Ultimately we decided to visit family in Arizona. It got us out of the house and gave us a destination that didn’t require us to make plans or wear masks. We did still isolate and just spent our time in their homes, drinking; which made things awkward. My aunt got really hammered and started hitting on my husband.

“Have you ever had sex with a woman?” she asked, as we swam in her pool, in between the times she kept playing with my husband’s feet.

In the sober hours she had no recollection, or chose to ignore it. Which I am all for. Liquor makes people do the dumbest shit. And, boy, was she drunk. My favorite part was her telling us repeatedly how she had designed the layout of her backyard. “I’ve never designed anything, and I designed this. Can you believe it?”

I love her.

For a couple days we got to pretend that my husband isn’t dying.

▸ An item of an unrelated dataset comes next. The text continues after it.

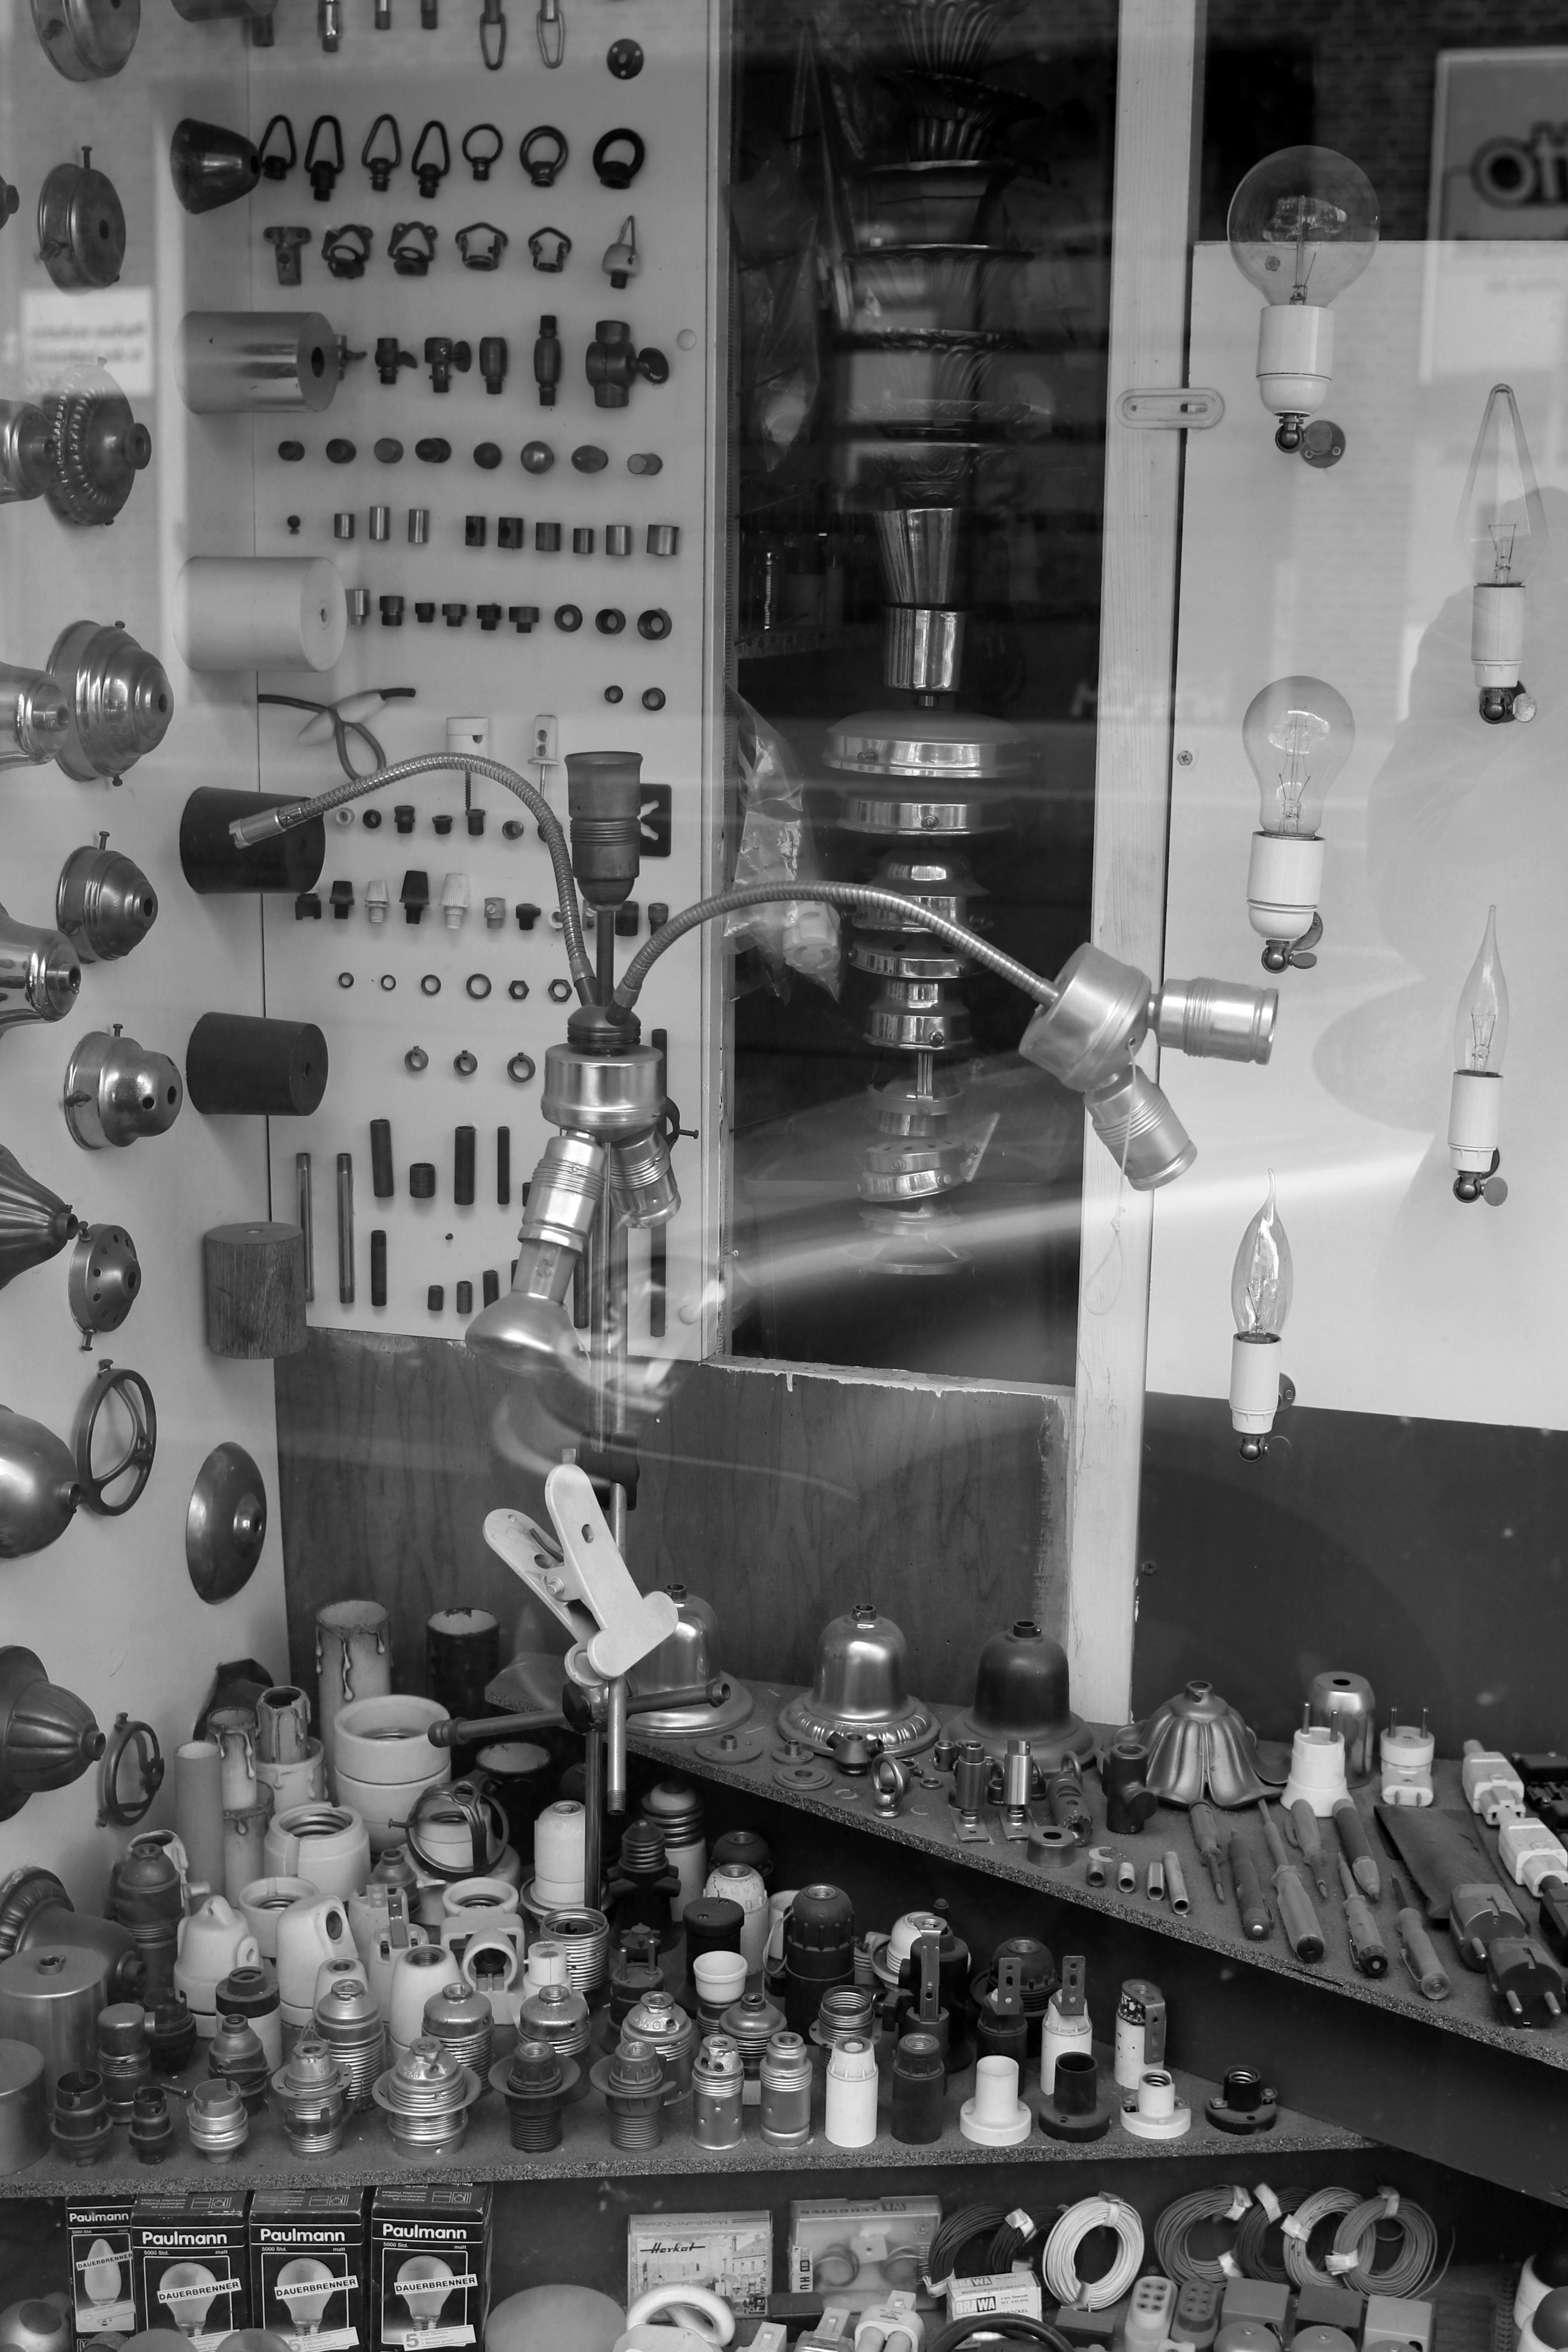 black-and-white-white-photography-bulb-lamp-black-monochrome-bw-blackandwhite-blackwhite-bulbs-photograph-lamps-germany-alemania-allemagne-sw-schwarzweiss-schwarzweis-image-frankfurtmain-frankfurtammain-frankfurtam-frankfurtamain-germania-frankfurt-schwarzweissfotografie-schwarzweisfotografie-electro-lampen-elektrik-elektro-glhbirnen-elektroartikel-elektrobauteile-elektrikbauteile-monochrome-photography-240896 Spannende Lampen Frankfurt Am Main Dekorationen

While we were in Arizona, we decided to take a detour over to the Mayo Clinic. We may be getting our second opinion from this particular campus, since the hub’s primary at Cedars is referring him there, to one of his colleagues who specializes in ALS. If he’s accepted, that could very well be where we spend a good chunk of our time.

Overall, it was a good weekend, even despite the challenges Covid creates. It’s just super shitty to try and live while the world and the disease dictate us to not.